A tentativa de misturar ciência e ideologia nunca dará em boa coisa


pOR ABEL REIS - gLOBO.COM

Em plena pandemia, quando mais precisamos de ciência e de tecnologia, ambas são ameaçadas pelo paradoxo de alimentar a própria ruína. Quanto mais se tornam acessíveis às pessoas, quanto mais resolvem nossos problemas e atendem nossas necessidades, quanto mais ampliam nosso poder de comunicação e expressão, mais elas são utilizadas para negar sua própria essência.

Internet, redes sociais, apps de mensagem, editores de foto e de vídeo, robôs e toda a sorte de algoritmos – frutos da inovação tecnológica e científica – vêm contribuindo justamente para legitimar conteúdos distorcidos e perigosos. As ferramentas digitais possibilitam criar e multiplicar, em larga escala e alta velocidade, crenças que vão dos malefícios das vacinas à conspiração do aquecimento global, passando, agora, pela “mentira” do coronavírus ou por curas milagrosas da doença (as emas que o digam...).

A serviço de uma posição ideológica que se considera “do bem”, princípios como a razão, a comprovação científica e a busca da verdade vêm caindo por terra. Ou não, se ela for plana... O cenário ganha contornos trágicos porque reúne obscurantismo e lideranças com gigantesca influência digital. Tudo isso em meio à luta contra um mal que estamos aprendendo a conhecer e a conviver.

Não é por outro motivo que o Facebook, pela primeira vez, apagou um post do presidente americano – continha informações falsas sobre a Covid-19. Não bastasse o erro ser cometido pela autoridade máxima de uma nação, trata-se do país mais relevante na geopolítica mundial e com um número enorme de vítimas do coronavírus. A rede tão indevidamente explorada por Trump para se eleger cometeu censura ou foi responsável? Era isso ou arcar com o peso de espalhar mais dor e morte pelo mundo.

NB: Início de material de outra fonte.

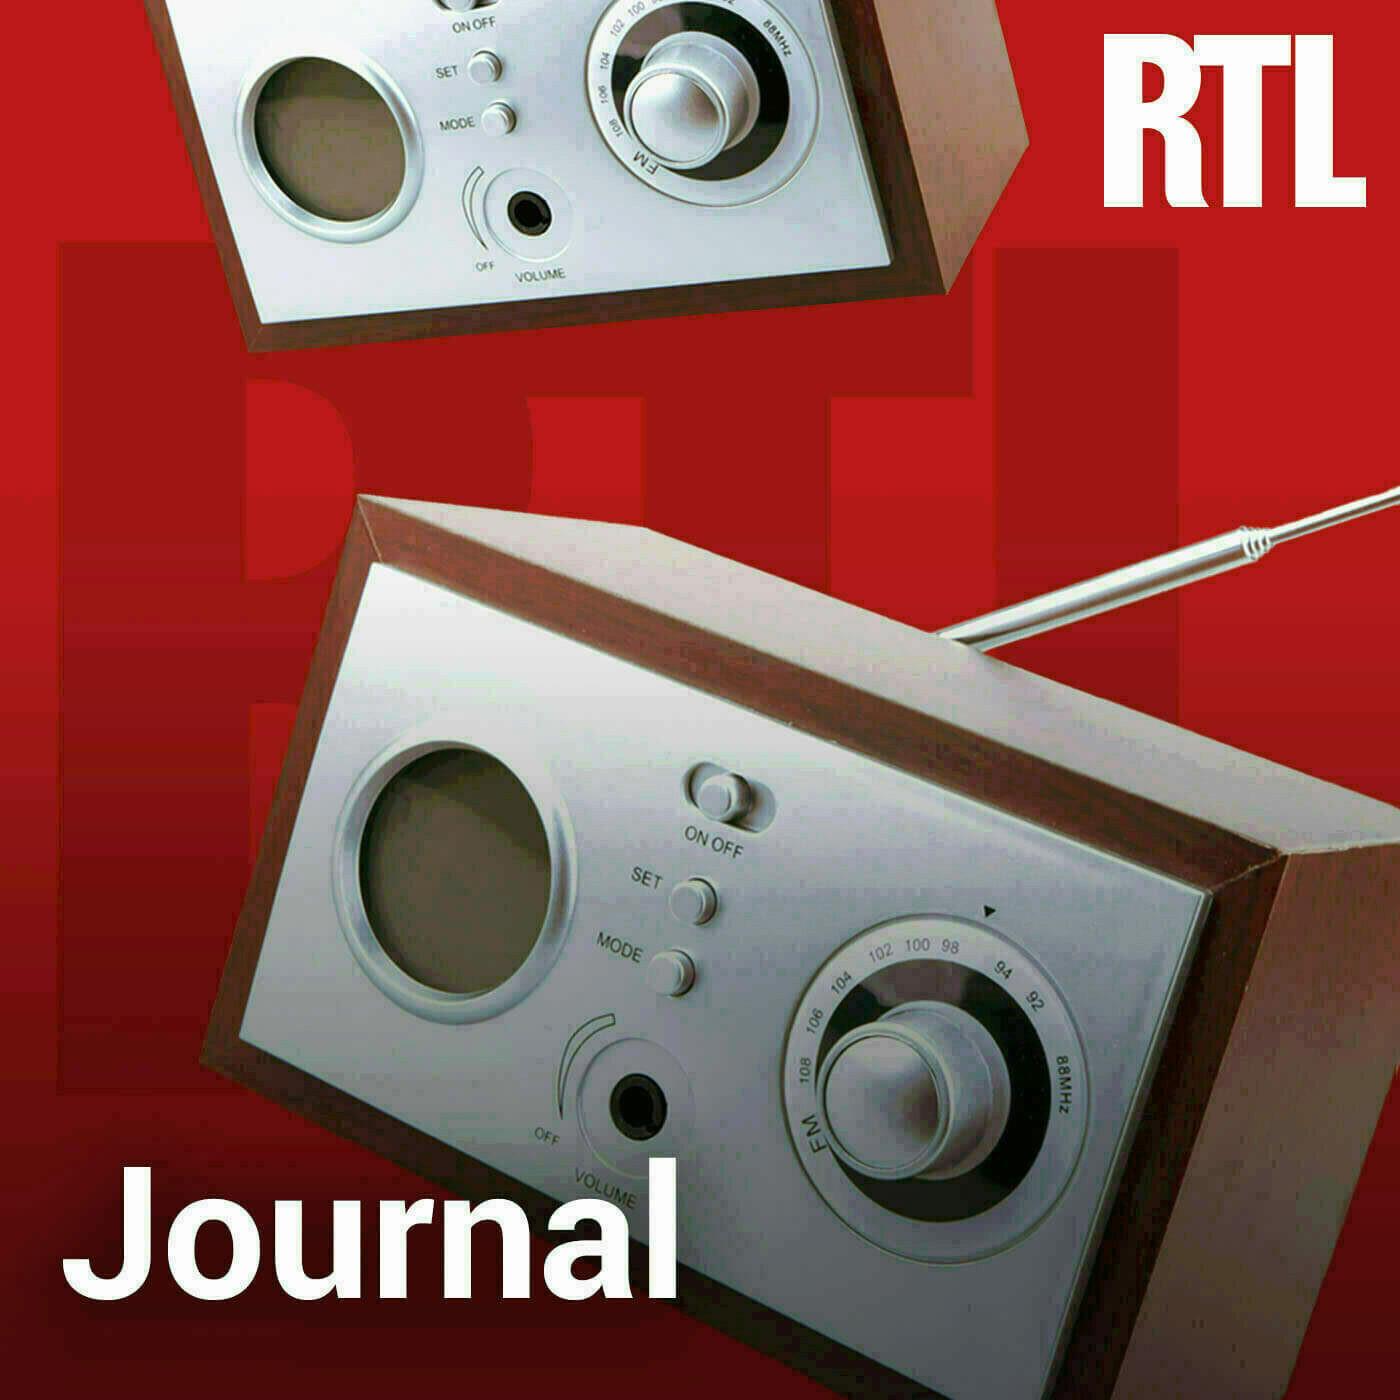 Le journal RTL de 7h du 21 octobre 2020

Trump lá e Bolsonaro cá atrelam o discurso pseudocientífico ao combate à esquerda e a outros inimigos da moral e dos bons costumes. Não são pioneiros, nem criativos. No século passado, o agrônomo Trofim Lysenko, apoiado por Stalin, misturou política e uma teoria da evolução furada, na tentativa de livrar a União Soviética da fome e do pensamento “burguês”, criando assim uma quimera: a biologia soviética. Acabou entrando para a história como um grande charlatão. 

Ciência é busca autêntica por conhecimento verdadeiro e tecnologia a sua instrumentação ética. Ideologia será toda forma de conhecimento falsificado por objetivos políticos, religiosos ou pessoais. A tentativa de misturar ciência e ideologia nunca dará em boa coisa. Ainda mais potencializada pelo palco globalizado da comunicação digital. 

Nesse sentido, é fundamental que as plataformas globais massivas imponham limites éticos ao charlatanismos e aos detratores de uma visão de mundo bem informada, aberta, tolerante e justa. Foi sob tal signo que a internet nasceu, e por ele devemos perseverar.